Сосновский положил трубку. Откинулся на спинку кресла, расслабился.
Вот и на этот раз все того… Все прояснилось, ага. Устал. Сколько можно? Спать что-то. Может выпить коньячка и часок другой? Нет, тогда ночью не того. А вот коньячка стоит. Очень даже стоит.
Сосновский встал и засеменил к бару. Но он не знал, что Варданян в телефонном разговоре сознательно упустил многие важные моменты. Если бы Виктор Ильич сейчас о них знал, то не был бы столь благодушен.
Глава пятая: Еще одно убийство.Вадим Сидельников с какого-то времени потерял интерес к жизни. Ну, не то, чтобы совсем потерял, но только какой-то пресной она стала, совсем пресной. Если раньше он просыпался бодрым, заряженным, сознавая, что впереди его ждут увлекательнейшие события. То теперь и просыпаться-то было лень. Кроме шуток. Нет, работу свою он выполнял. Довольно профессионально выполнял. Но так, скорее по укоренившейся привычке делать все на совесть. А вот радости или удовлетворения, как прежде. не испытывал. Но днем ещё ладно. Днем работа, ребята. А по вечерам совсем было кисло, совсем невмоготу. Так было порой нехорошо, что ничего не хотелось, жить не хотелось. Иногда срывался – надирался, как горький пьяница, плакал, костарил всех и вся, а потом долго ещё испытывал от этого угрызения совести. Так вот и проживал безрадостные, однообразные дни, будто себе и другим одолжение делал. Понимал, что дальше так нельзя, что нужно со всем этим что-то делать, но ничего не получалось. Раньше он считал себя крутым парнем, а на поверку вышло, что его не только крутым, но и парнем назвать, язык не поворачиывается. Кроме шуток. Так, слизняк, дерьмо собачье – вот кто он такой. Слабак – и этим все сказано. Горько это осознавать, но только это так и есть. Да, долбанула его Светлана, здорово долбанула. Сколько раз он давал себе обещание выбросить её из головы, забыть, но ничего не получалось. Сколько женщин перебывало в этой квартире. Были среди них и красивые, и даже очень. Но только эти встречи ничего, кроме опустошения и угрызений совести, не принесли. Видно, таким однолюбом он уродился. А «горбатого», как говорится, только могила исправит. Точно. А может, не в Светлане дело, а в нем самом? Может быть, может быть.

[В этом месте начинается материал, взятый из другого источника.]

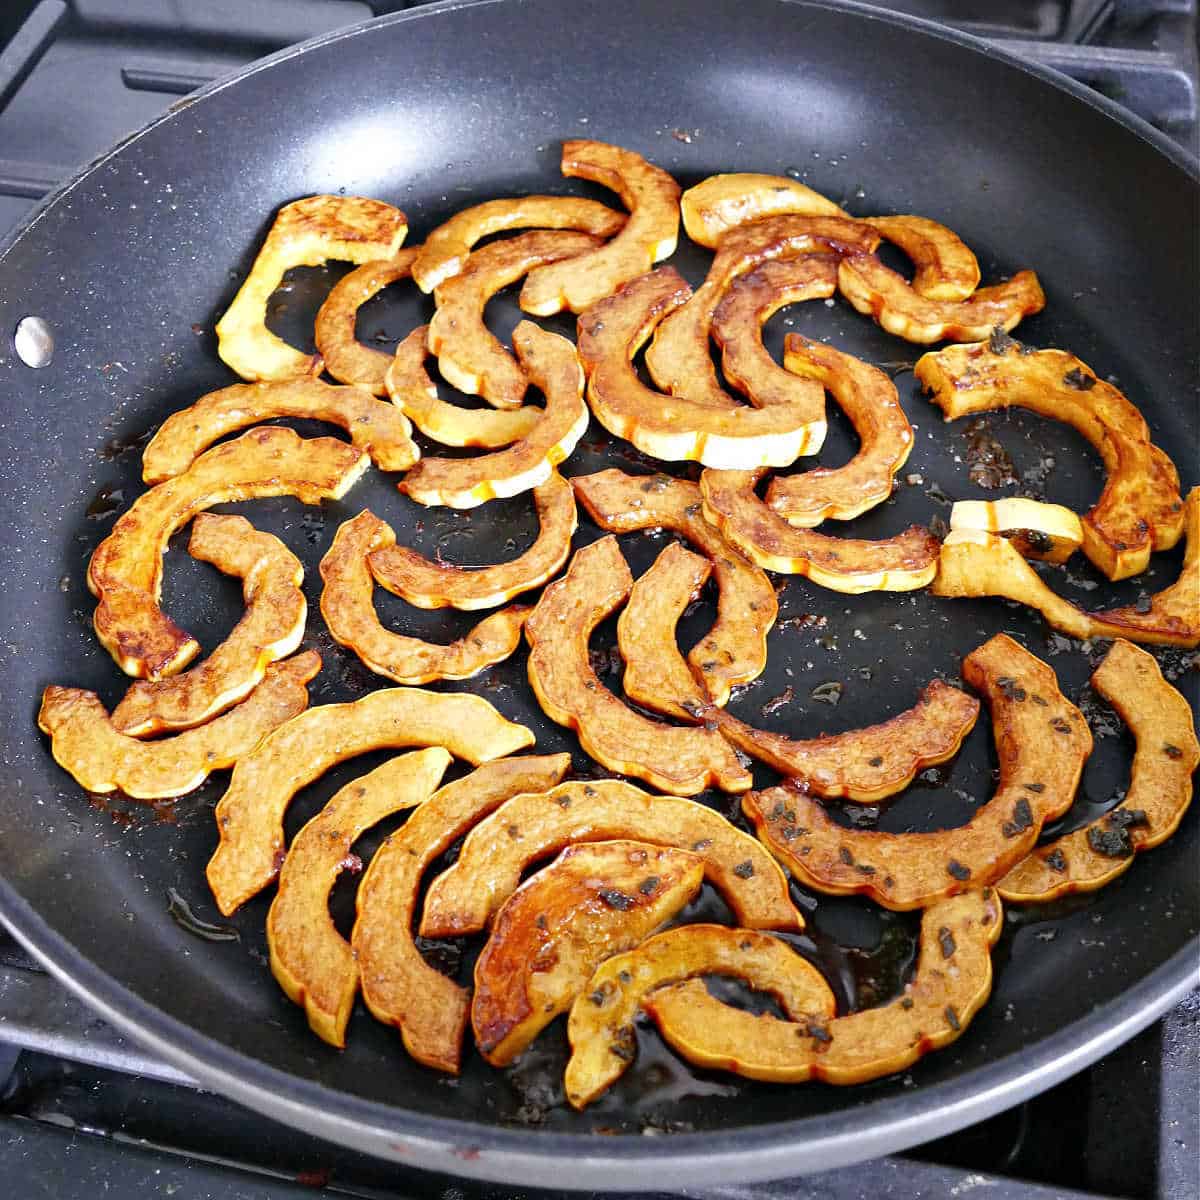 pan fried delicata squash pieces in a skillet on a stove

В Светлану Козицину он влюбился с первого взгляда. Правда. Впервые увидел её на совещании у Рокотова и сразу по уши. Он даже не предполагал, что такое возможно. И вот случилось. Светлана относилась к нему нормально, как к товарищу, но не более того. Он это понимал и любил молча, безнадежно, не лез со своими признаниями и всем прочем. Кто знает, чем бы все кончилось, если бы Светлана сама не предложила ему пожениться. Лишь позже он понял, что её толкнуло в нему отчаяние неразделенной любви к Иванову. А тогда был на седьмом небе от счастья. Впрочем, и тогда он понимал, что она его не любит, но очень надеялся, что это случиться. Но, увы, не случилось. Это как в той песне: «Повстечалися два одиночества, развели у дороги костер, а костру разгораться не хочется. Вот и весь разговор». Точно. Вместе они чувствовали себя даже более одинокими, чем прежде. Долго это продолжаться не могло, и они разошлись. Узнав, что Светлана выходит замуж за Сергея Ивановича он искренне за неё порадовался. Кроме шуток. Хорошо, что хоть у неё жизнь склеилась. Иванова он очень уважал. Вот уж кого жизнь не щадила. Сам едва выбрался, можно сказать, с того света, любимую жену потерял. Выдюжил, не потерял вкуса к жизни. А он, Сидельников… Он слабак. Как не горько осознавать, но только это так. Черт те что и с боку бантик. Лишь до поры до времени изображал из себя крутого уокера, но на первом же повороте слетел с катушек. Да и что он? Такими, как он, сейчас хоть пруд пруди. Устраиваются же как-то в жизни. Может быть и у него ещё что-то получится. Не должно так продолжаться вечно. Не должно.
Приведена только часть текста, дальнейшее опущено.